NOK is stuck with three problems: 1) It has no workable 3G hardware solutions compared to ERICY and NTT 2) It has inadequate 3G IPR to deploy these hardware solutions if it had them 3) It is making so much money with GSM that it is fat, dumb and happy---blinded to the future directions of wireless. A huge profit has covered a lot of sins at NOK.
NOK has one thing going for it. That is the fact that QCOM is not NOK's competitor. QCOM is a CDMA development company and its goal is to make a profit spreading CDMA throughout the world. QCOM will be happy to allow NOK to help them do this, but, if NOK has no interest in doing so, QCOM will be happy to see NOK go their own way. But, now that time has passed, QCOM's IPR is much more valuable than it was years ago. So NOK should not expect to pay the same low 5% royalty that others pay. In short, NOK's negotiating position becomes weaker every month it procrastinates.

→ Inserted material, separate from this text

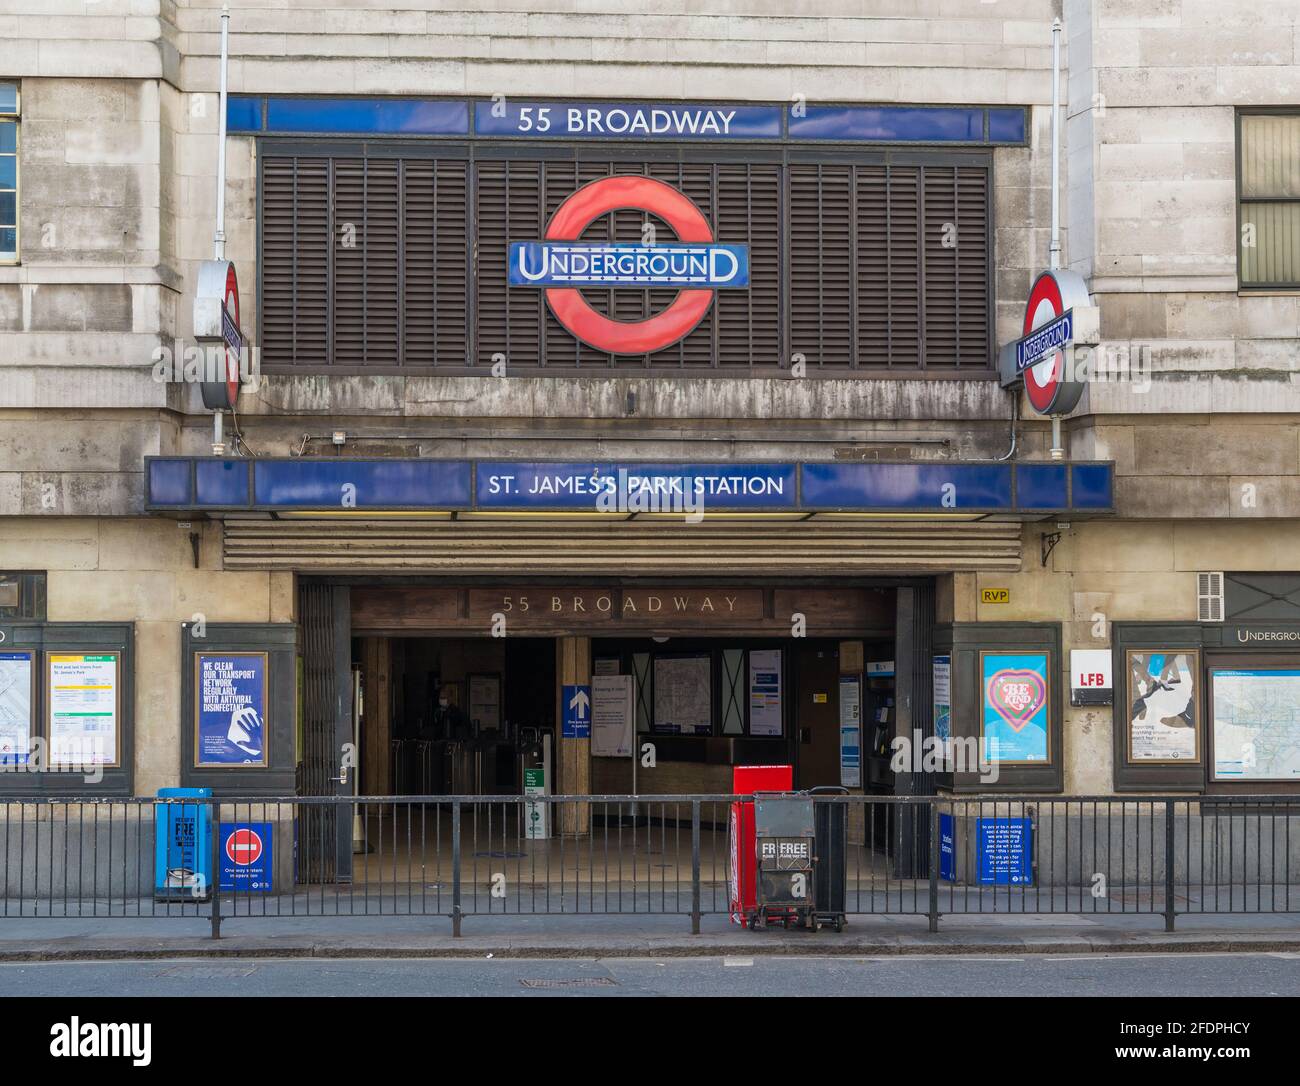 St. James's Park underground station. London, England, UK Stock Photo

If the so called, consortium, values the antique GSM intellectual property at 15% royalty (which they used to prevent competitors from entering their market, then QCOM's 3G technology which transfers data at many tines this rate, is worth 45% royalty simply because it supports much higher data rates than GSM, EDGE, GPRS on the same amount of spectrum.

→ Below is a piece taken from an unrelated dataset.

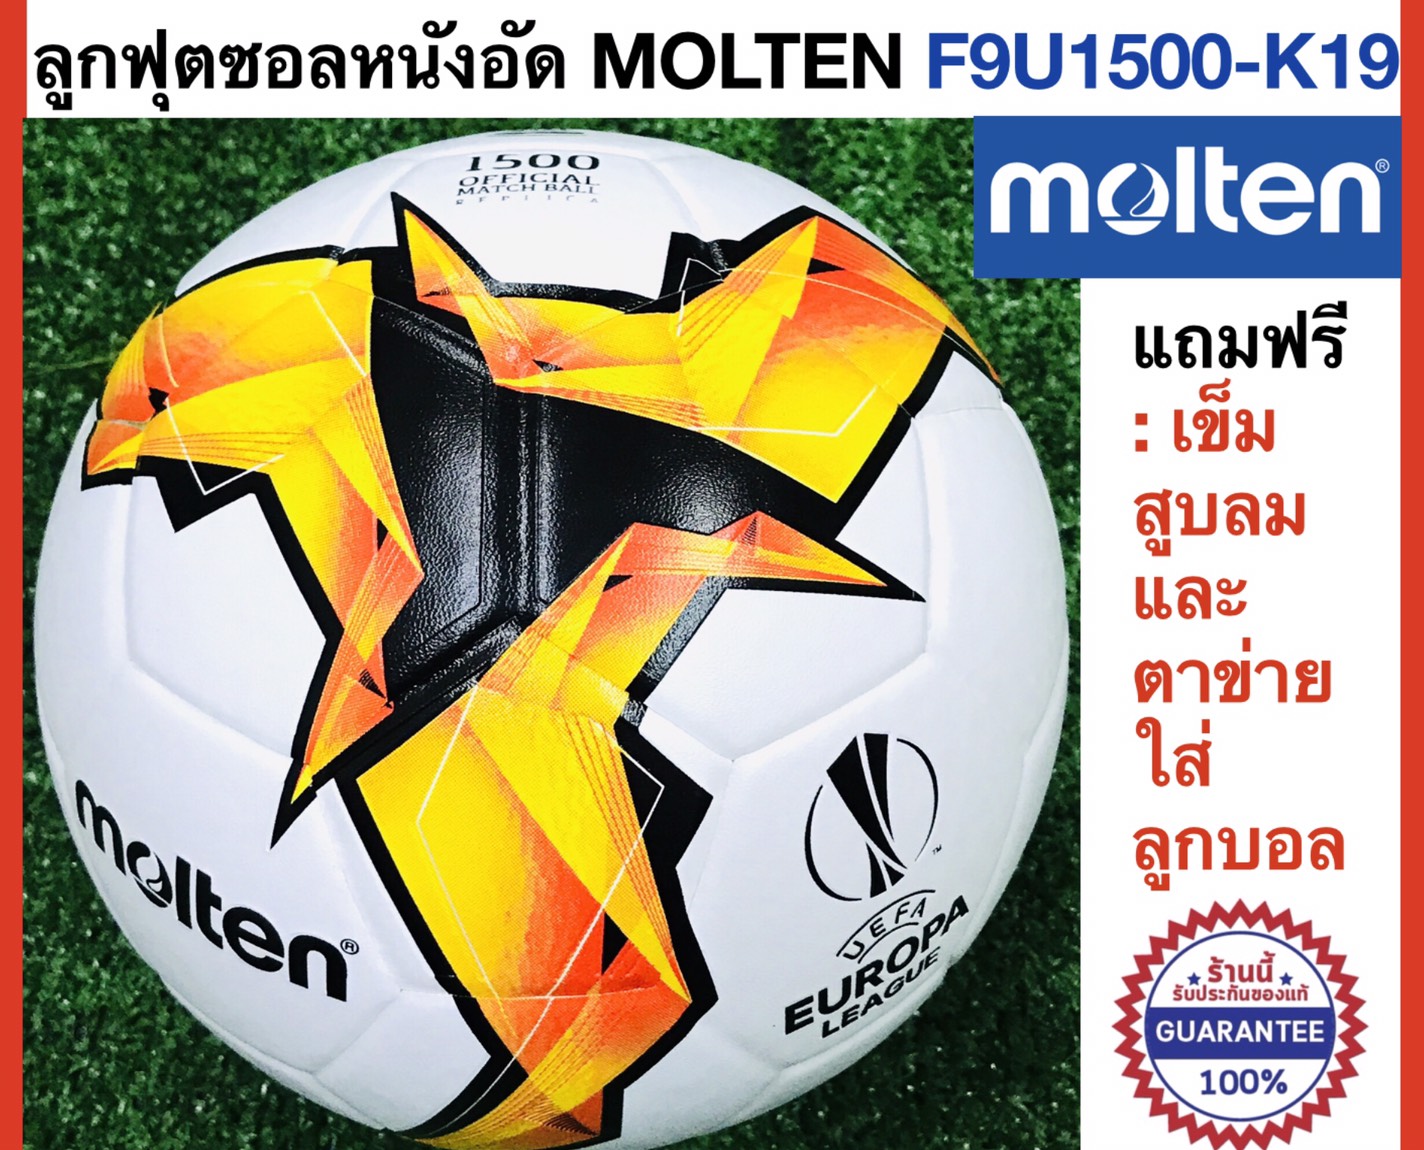 Molten ลูกฟุตซอลมอลเท่น หนังอัด รุ่น F9U1500-K19 ของแท้ แถมฟรี : เข็มสูบและตาข่ายใส่บอล

There are numerous companies in Japan, US and Korea that are developing appliances and killer applicatons to use this bandwidth. If history teaches us anything it is that there is an insatiable demand for bandwidth and uses rise up to consume more and more bandwidth. Physics teaches us that spectrum is like land -- all the spectrum that will ever exist is here right now. Thus we must use it effectively and to do that, the crowded areas of the earth (like major cities) need to switch to CDMA.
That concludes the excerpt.